Table 1 Measured SA fault coverage, transition fault coverage, susceptibility to bit-flips and temporary erroneous output transition between probabilistic and random patterns, for circuit pdc

Full size table

3 Proposed Probabilistic Selective Fault Tolerance (PSFT) Design Technique

This section describes the proposed Probabilistic Selective Fault Tolerance (PSFT) design technique.

3.1 PSFT Design

The Probabilistic Selective Fault Tolerance (PSFT) design is presented in Fig. 3. The PSFT design consists of a partial TMR scheme of the original circuit S, two smaller redundant circuits S _P, and a Z _P characteristic function. The latter validates when the inputs of the S _P units belong to the protected input pattern set. Different from the previous SFT design, shown in Fig. 1, the original circuit S is connected to all the inputs nodes, while the S _P and Z _P units are only connected to the input nodes of the logic cones selected for protection (I _p < I, O _p < O). A majority voter V _P is used at the outputs of the circuit which operates only when the output is asserted (Z = 1). If Z = 0, then the voter propagates the outputs of the original circuit S. This functionality is described in Eqs. 9 and 10.

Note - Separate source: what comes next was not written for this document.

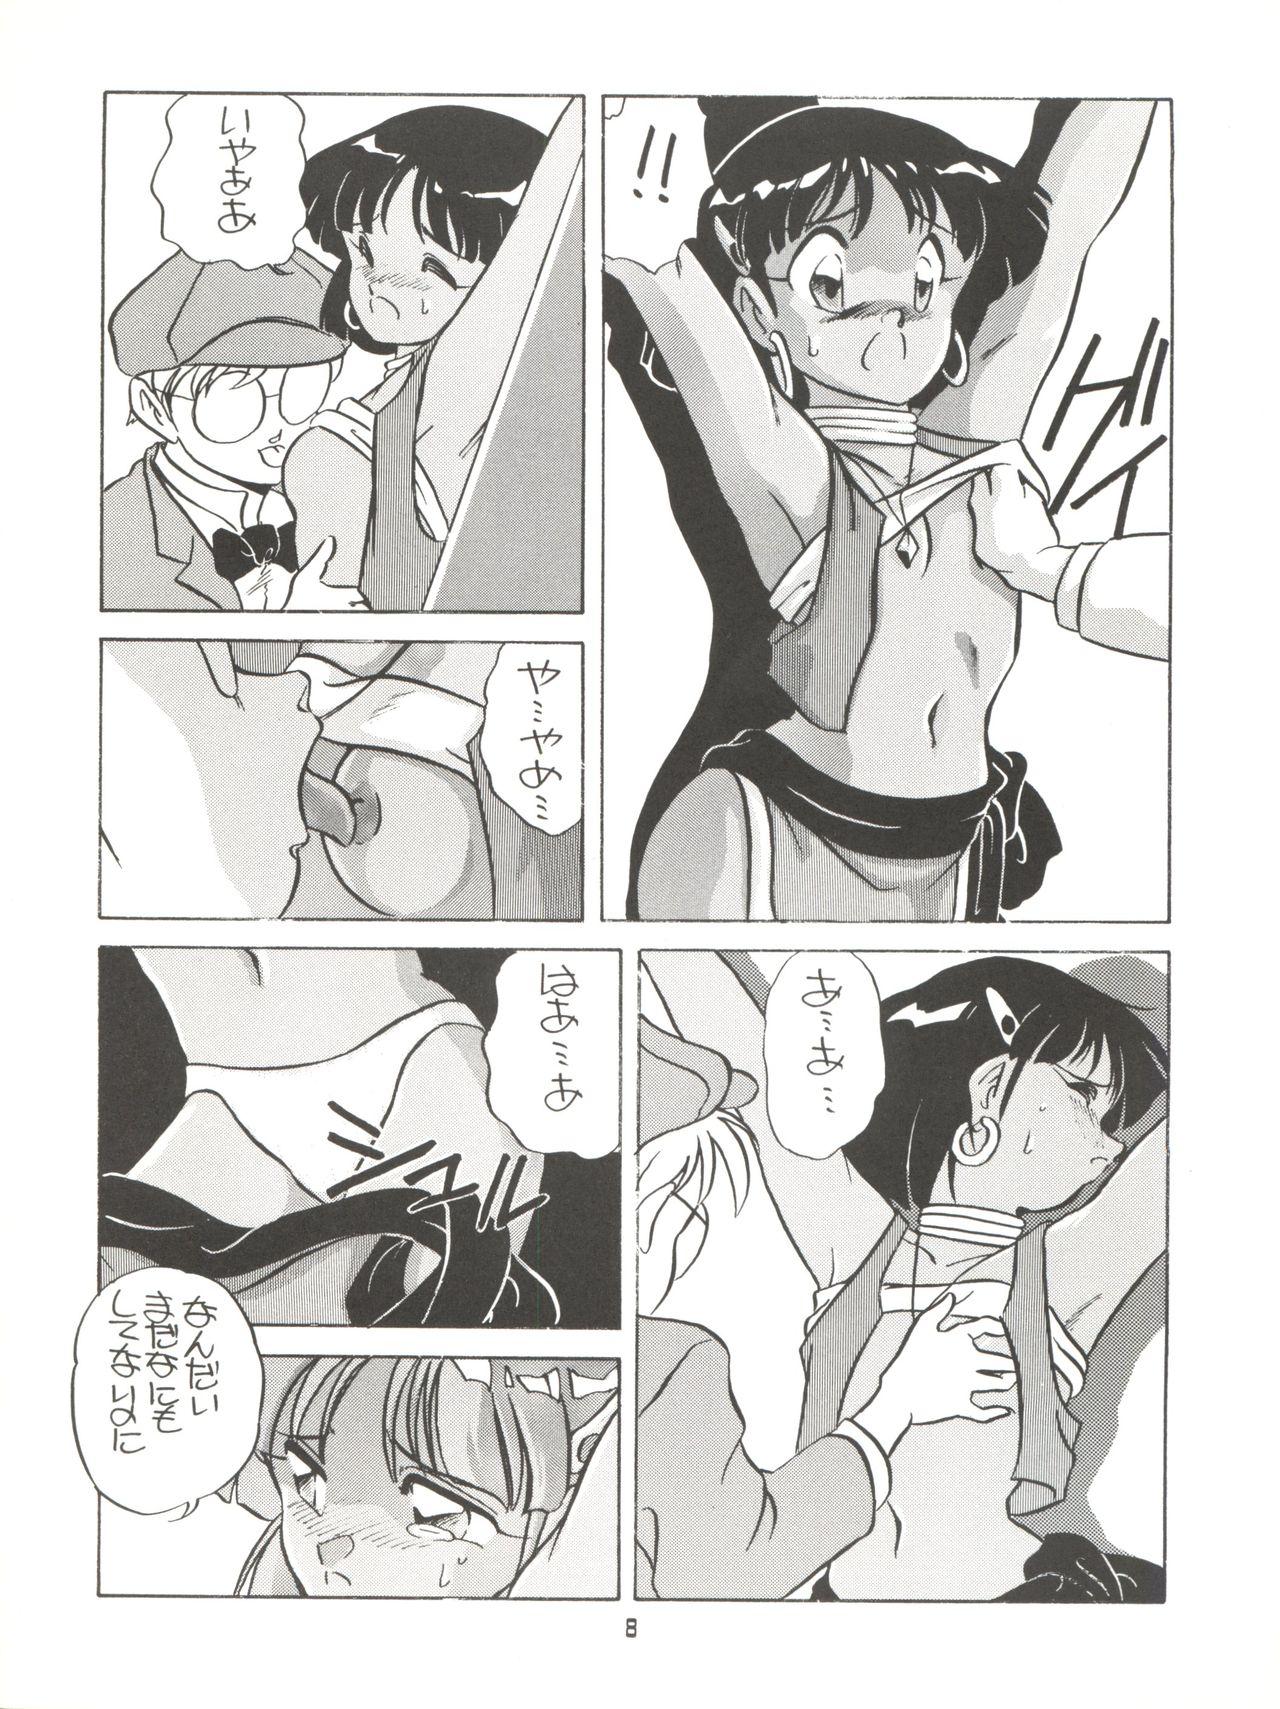 Spandex AMAMORI - Fushigi no umi no nadia Guys - Page 8

$$ S_{p1}(x)=S_{p2}(x)=S(x) \;\;\;\;\; x \in Z_{p} $$

(9)

$$ S_{p}(x)=don't\;care \;\;\;\;\; x \notin Z_{p} $$

(10)

3.2 Proposed PSFT Design Flow

Figure 4 presents the flow diagram for the proposed PSFT design technique. The number of patterns to protect (N) and the percentage of cones to protect C _p are considered as parameters of the proposed technique. The proposed technique consists of two processes. First, the logic cone selection, determines which logic cones of the circuit to protect given the C _p parameter, and produces the Selected Cones list S _c. The next process is the pattern ranking and selection, which consists of two different sub-processes depending on the workload type (uncorrelated or application-specific). For uncorrelated workload, a timing-independent ranking is performed on a large number of patterns and the N patterns who exhibit the highest output deviation metric are selected. For application-specific workload, a timing-dependent ranking of consecutive pattern pairs is deployed to select the N/2 consecutive pairs that maximize the output deviation metric. Finally, the list of protected patterns is ready and may be synthesized.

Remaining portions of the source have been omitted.